Jurors told charity funds warriors

Muslim aid to refugees of holy wars includes help for mujahedeen

Worester Telegram

BOSTON— The same mujahedeen that three Muslims on trial in U.S. District Court are accused of funding were considered freedom fighters three decades ago.

Some Muslim charities in war-torn areas around the world do a lot more than care for refugees: They help fund the fighters behind the wars.
Those are the geopolitical realities eight men and seven women on the jury were exposed to yesterday when they thought all they had to consider were the tax fraud and false statement charges against a Shrewsbury man and two former Worcester men.
They were given a global tour of figures who have been in the news since terrorism — or freedom fighting — began shaping the headlines in the 1980s, compliments of Evan F. Kohlmann, one of the prosecution’s expert witnesses.

Assistant U.S. Attorneys and lawyers for Muhamed Mubayyid, Emadeddin Z. Muntasser, and Samir Al-Monla, former officials of Care International, have been battling over whether Mr. Kohlmann can testify and what he could say when he did.
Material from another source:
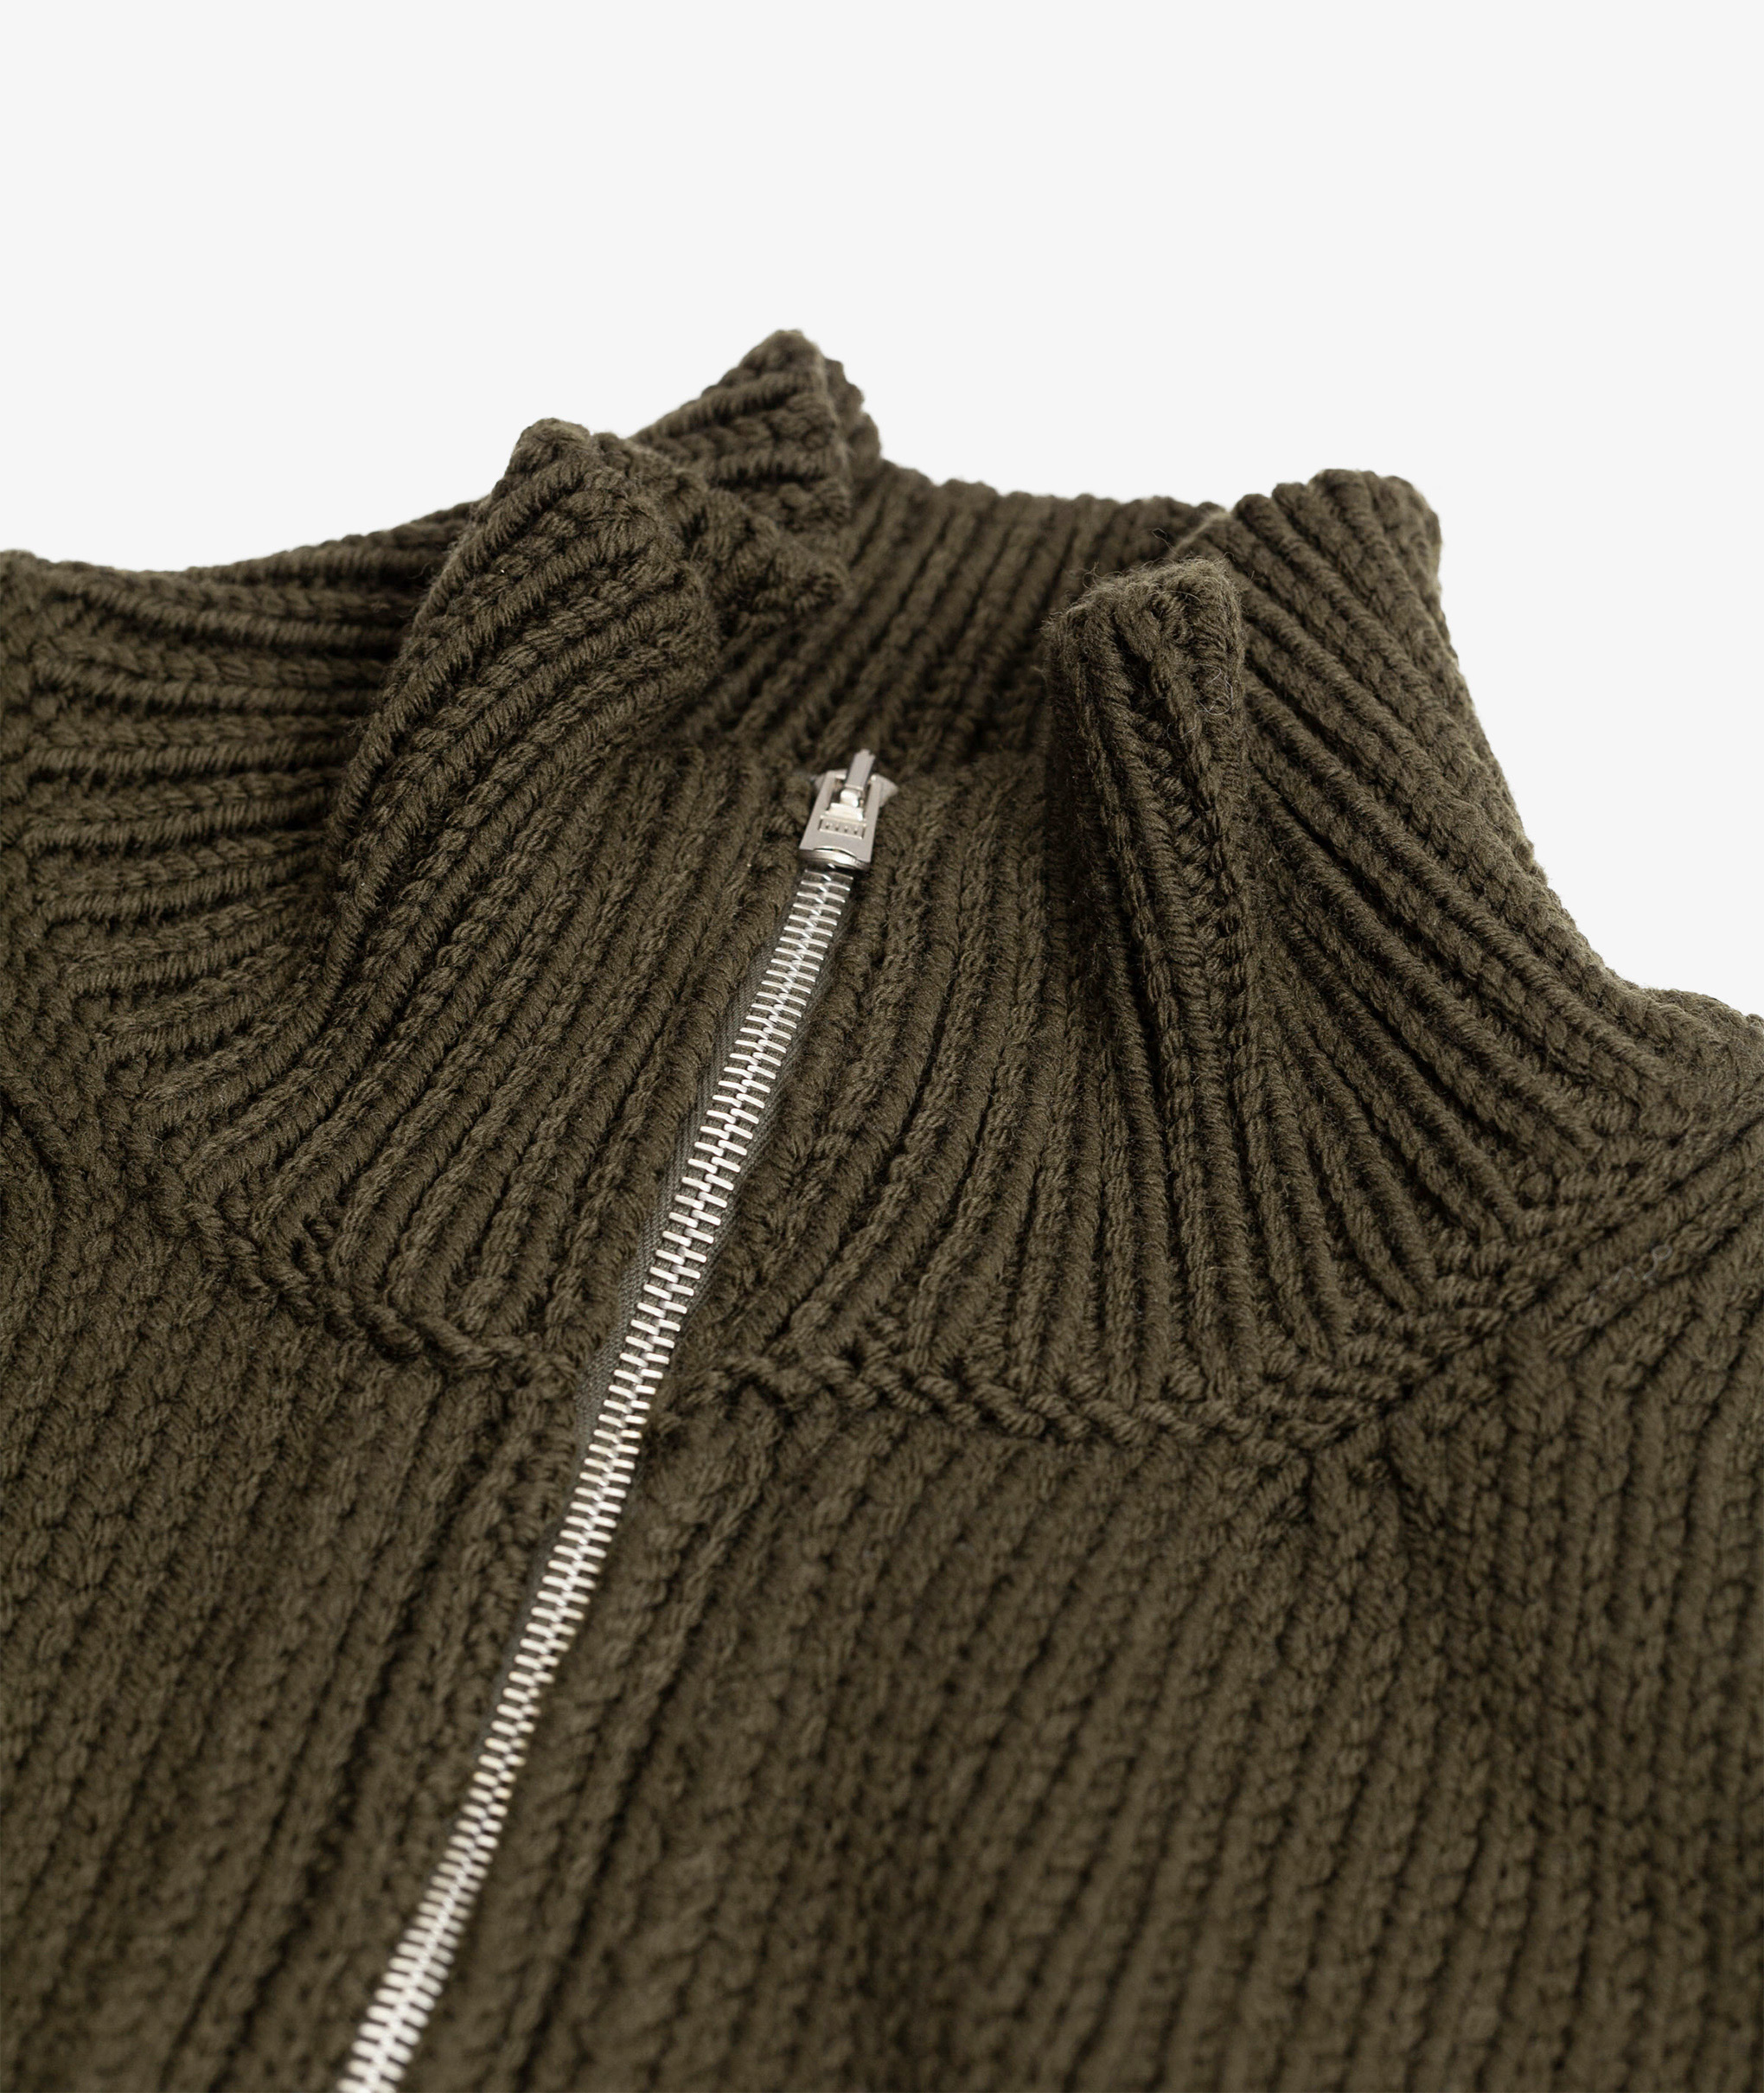 Norse Store | Shipping Worldwide - Margaret Howell Chunky Knit Zip

The mere mention of his Web site, globalterroralert.com, was enough to set Judge F. Dennis Saylor IV off on one of his frequent warnings to the jury: The case is not about 9-11 or terrorism and they should draw no inferences from the fact the defendants are Middle Eastern and Muslims, he said.

But the two sides forged on, making their points amid a blizzard of objections from the other side, with Judge Saylor at one point cutting off questioning on some of the most sensitive information.
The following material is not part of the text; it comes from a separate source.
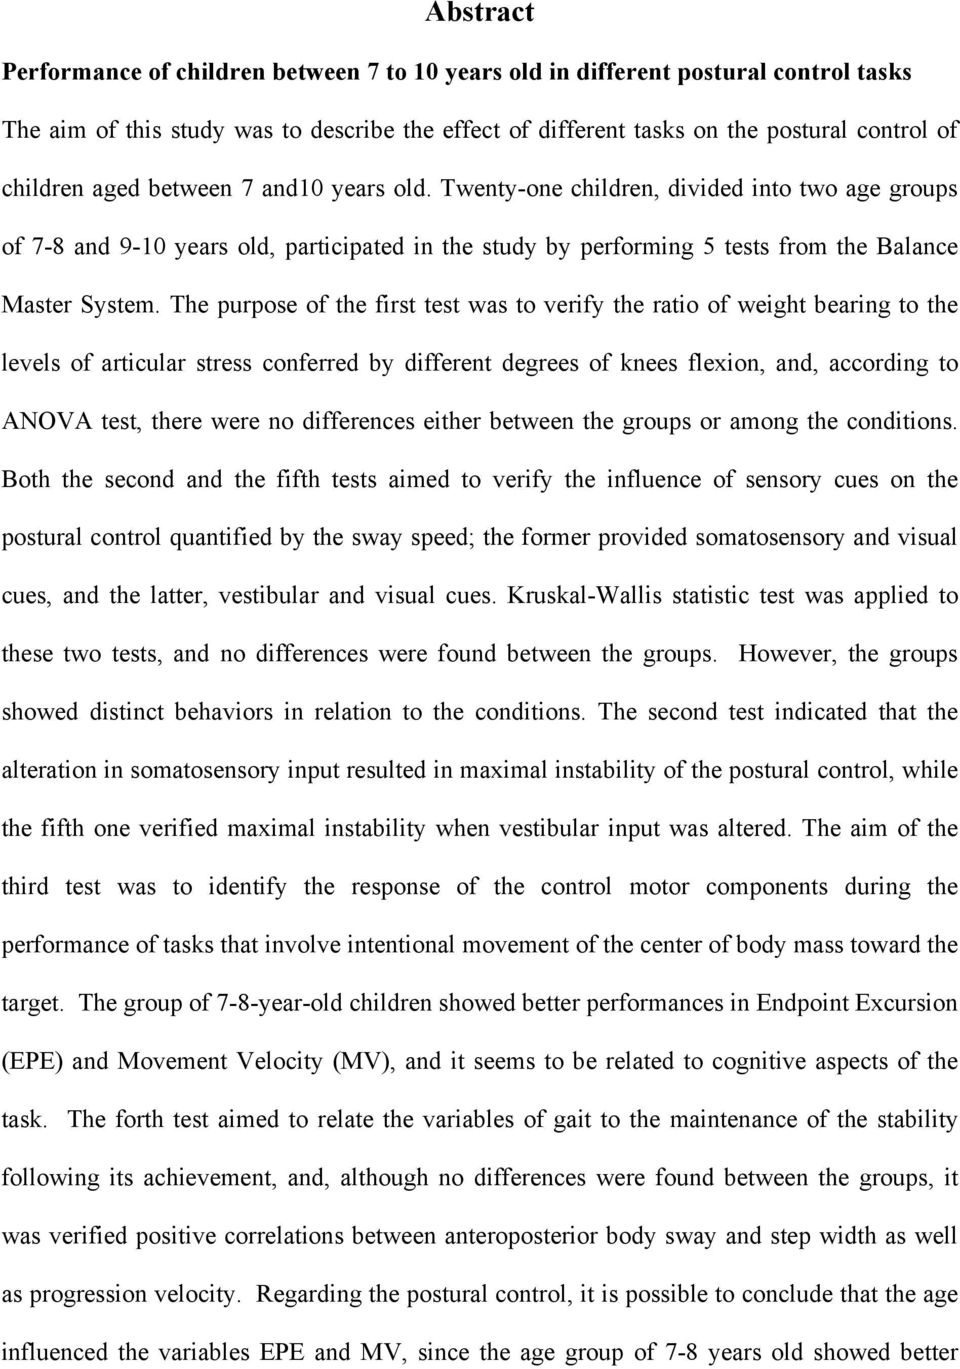 The purpose of the first test was to verify the ratio of weight bearing to the levels of articular stress conferred by different degrees of knees flexion, and, according to ANOVA test, there were no

Elizabeth A. Lunt, one of Mr. Muntasser’s lawyers, drew Mr. Kohlmann out at length about the enormity of the human suffering — the genocide, the millions of refugees — among the Muslims in the areas to which Care International sent money: Afghanistan, Bosnia, Chechnya and elsewhere.

The government says Care collected $1.7 million between 1993 and 2003.
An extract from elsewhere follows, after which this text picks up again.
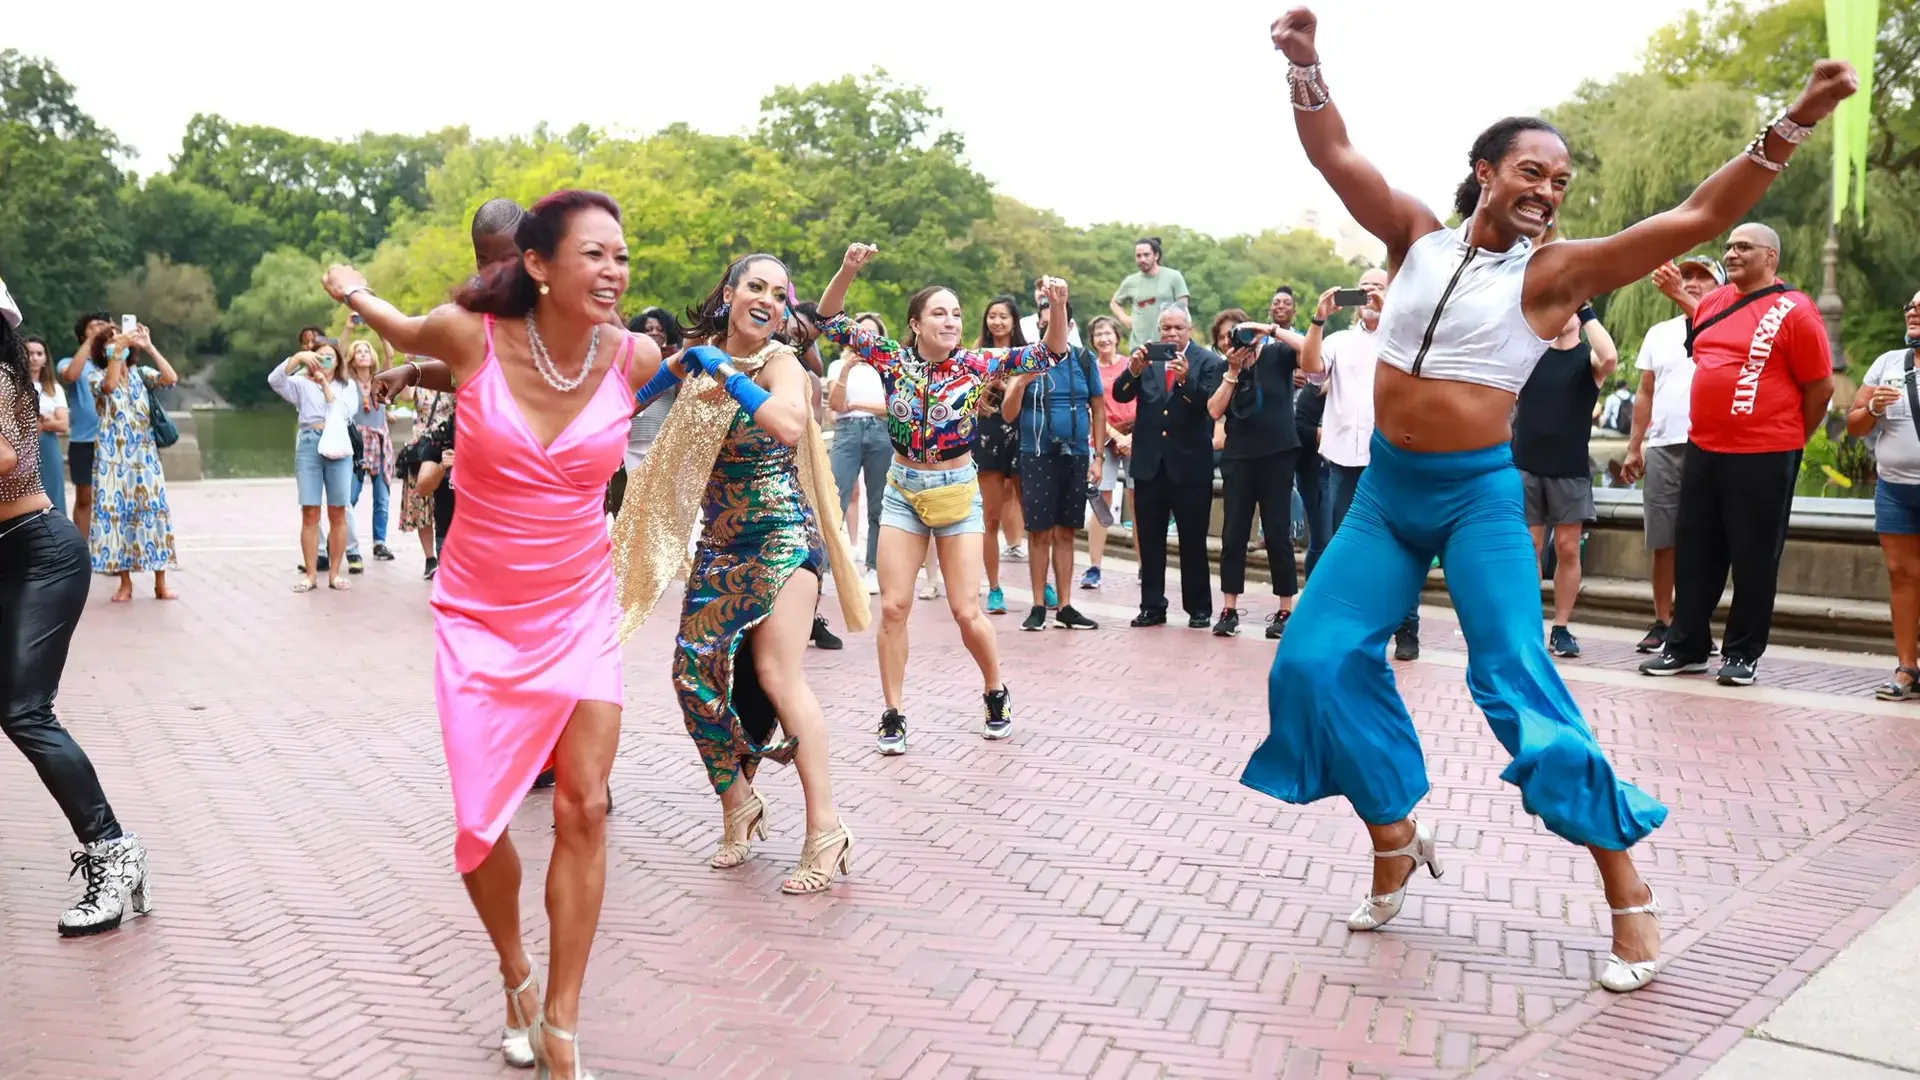 Asbury Park Dance Festival is one of the NJ Summer festivals this year.

And Ms. Lunt pointed out Care was not the only one sending money: the U.S. government provided billions of dollars to the mujahedeen in the 1980s, when they were considered freedom fighters driving the godless Soviets out of Afghanistan.

But under questioning from Assistant U.S. Attorney Aloke Chakravarty, Mr. Kohlmann pointed out Muslim charities in the areas where Muslim holy warriors are trying to reclaim Muslim land provide money “not just to refugees but to the fighters themselves.”

He said money funneled into mujahedeen staging areas such as Zagreb, Croatia, and Peshawar, Pakistan, comes from charities in North America and Europe.

That prompted the judge to tell jurors there is no charge Care was doing that. The charity officers are charged with failing to tell the Internal Revenue Service it supported holy war and that Care was an outgrowth of another non-tax exempt organization, Al-Kifah Refugee Center, which the defendants deny.

Mr. Kohlmann identified Gulbuddin Hekmatyar as the Pashtun Afghan warlord who leveled Kabul with rocket barrages designed to drive out Tajik warlord Ahmad Shah Massoud when the mujahedeen turned on each other after driving out the communists in the 1992 — and before the Taliban defeated both of them. Prosecutors have introduced an e-mail in which they said Mr. Muntasser and Mr. Al-Monla vowed allegiance to Mr. Hekmatyar in 1995.

Mr. Kohlmann also traced the so-called Arab-Afghan mujahedeen, who answered the call of Sheikh Abdullah Azzam to hot spots around the world where the fight of nationalist Muslims to reclaim their own land turned into religious jihad in places such as Afghanistan, Bosnia and Chechnya.